### Required work
The full listing, excluding its pictures, should be printed exactly as it stands.

### Data section

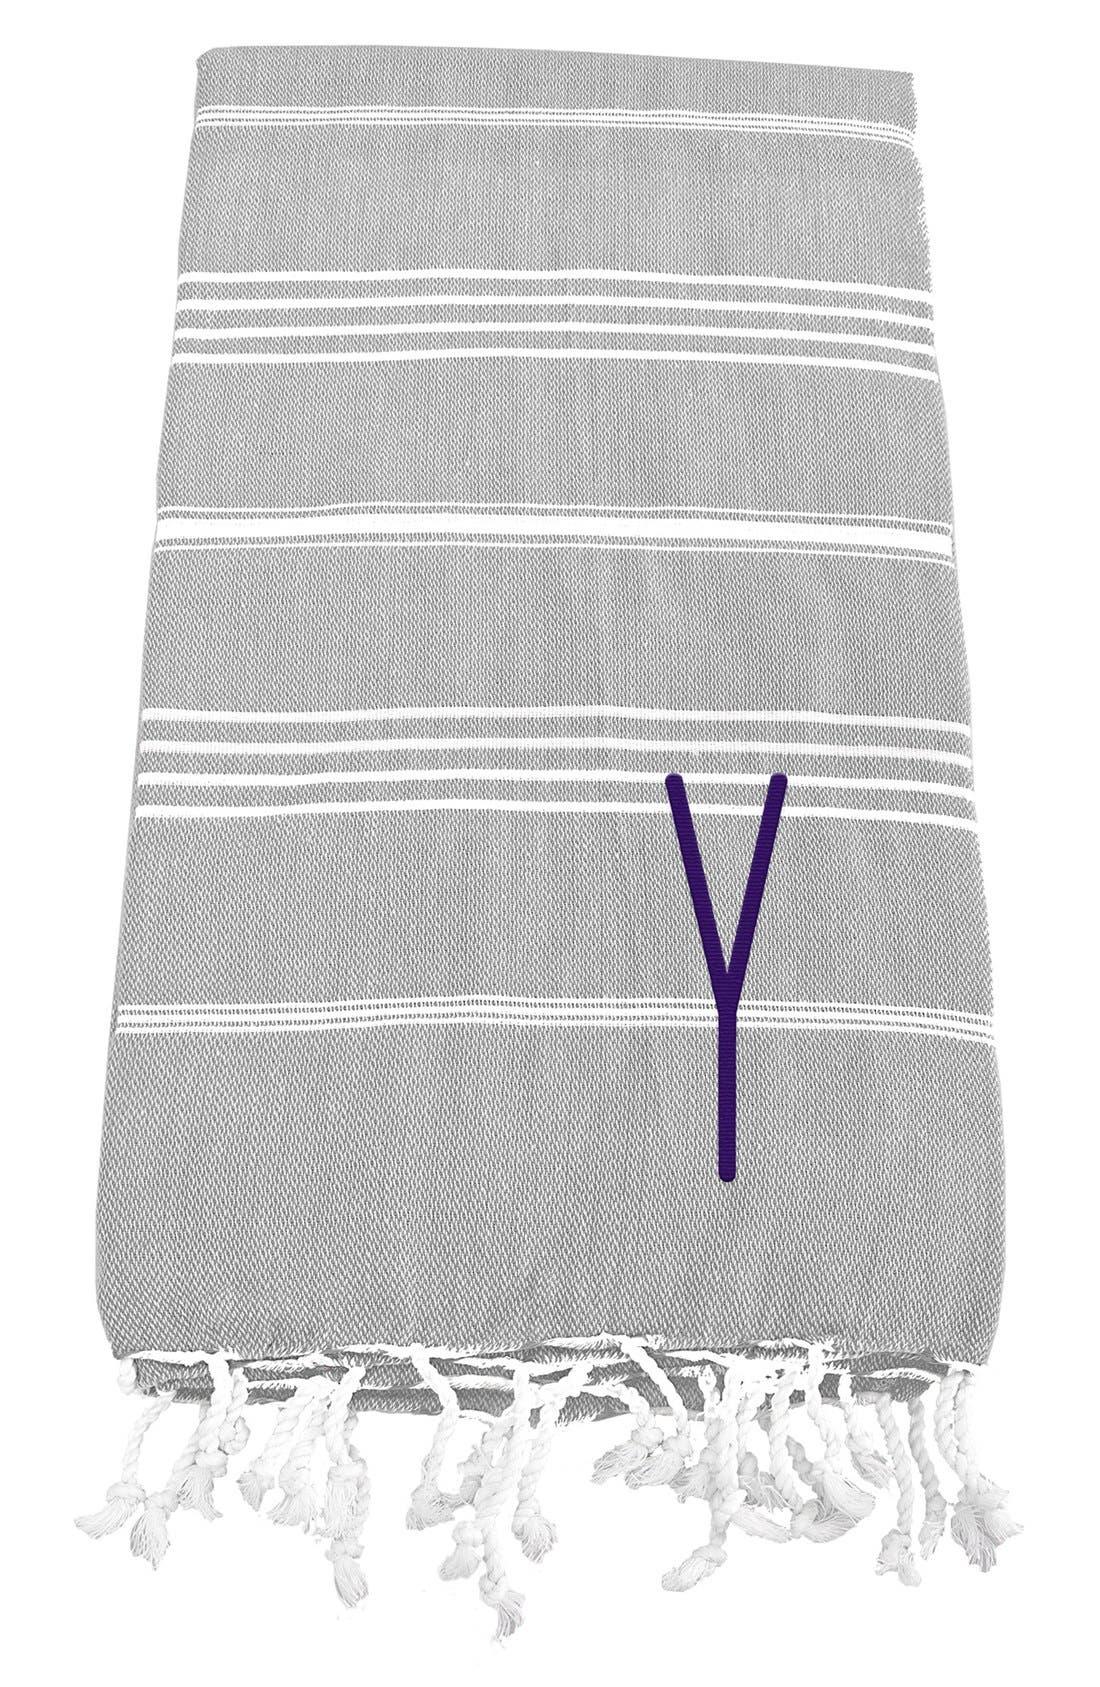 Monogram Turkish Cotton Towel,                             Main thumbnail 27, color,
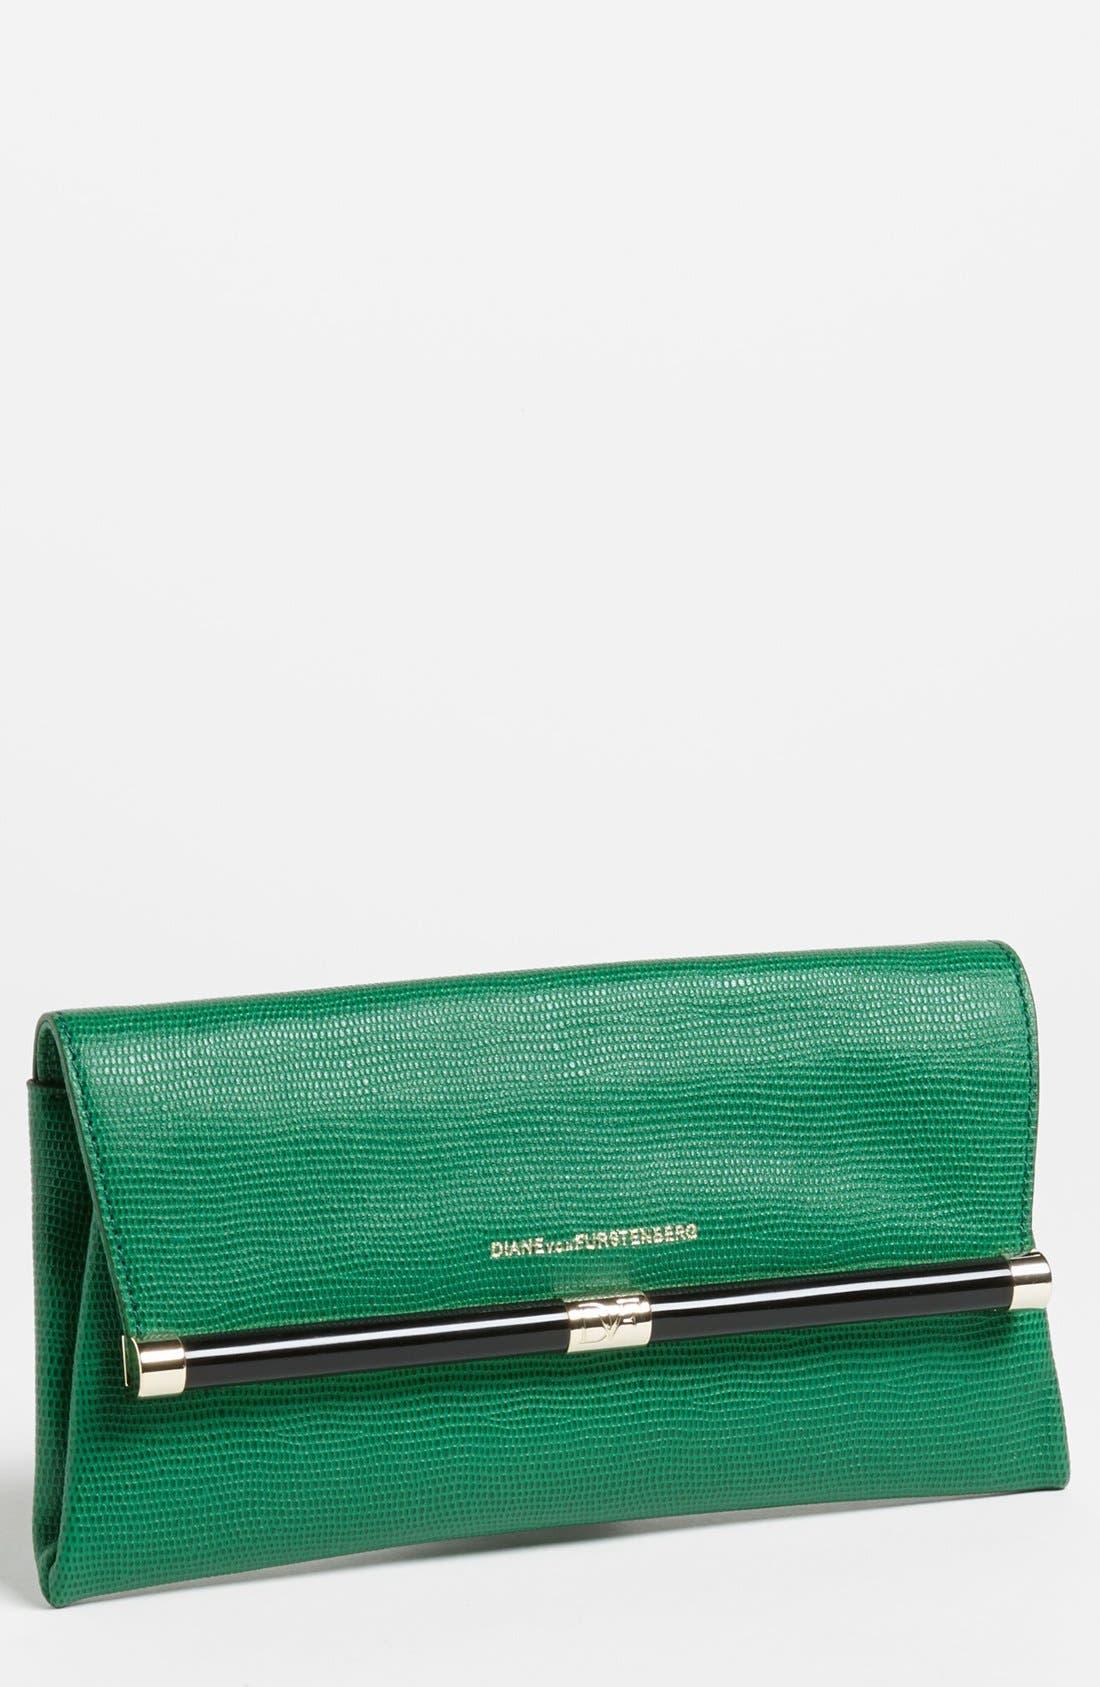 Alternate Image 1 Selected - Diane von Furstenberg '440 - Envelope' Lizard Embossed Leather Clutch
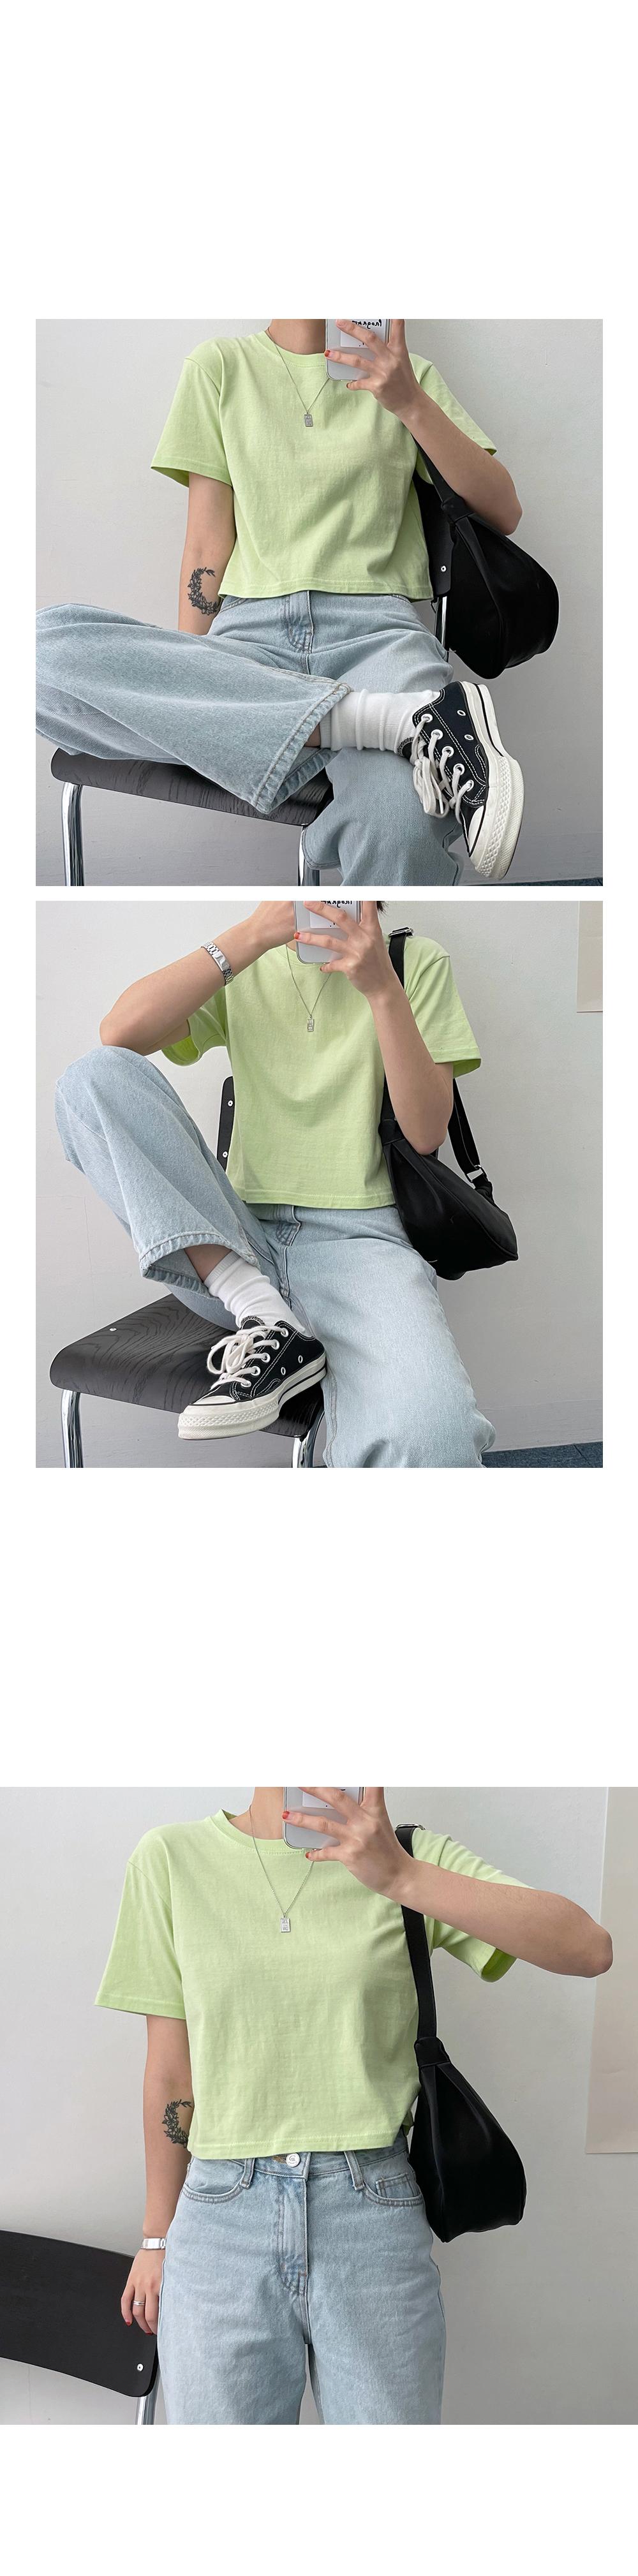 dress model image-S1L21

### Exercise solution
 Monogram Turkish Cotton Towel,                             Main thumbnail 27, color,
 Alternate Image 1 Selected - Diane von Furstenberg '440 - Envelope' Lizard Embossed Leather Clutch
 dress model image-S1L21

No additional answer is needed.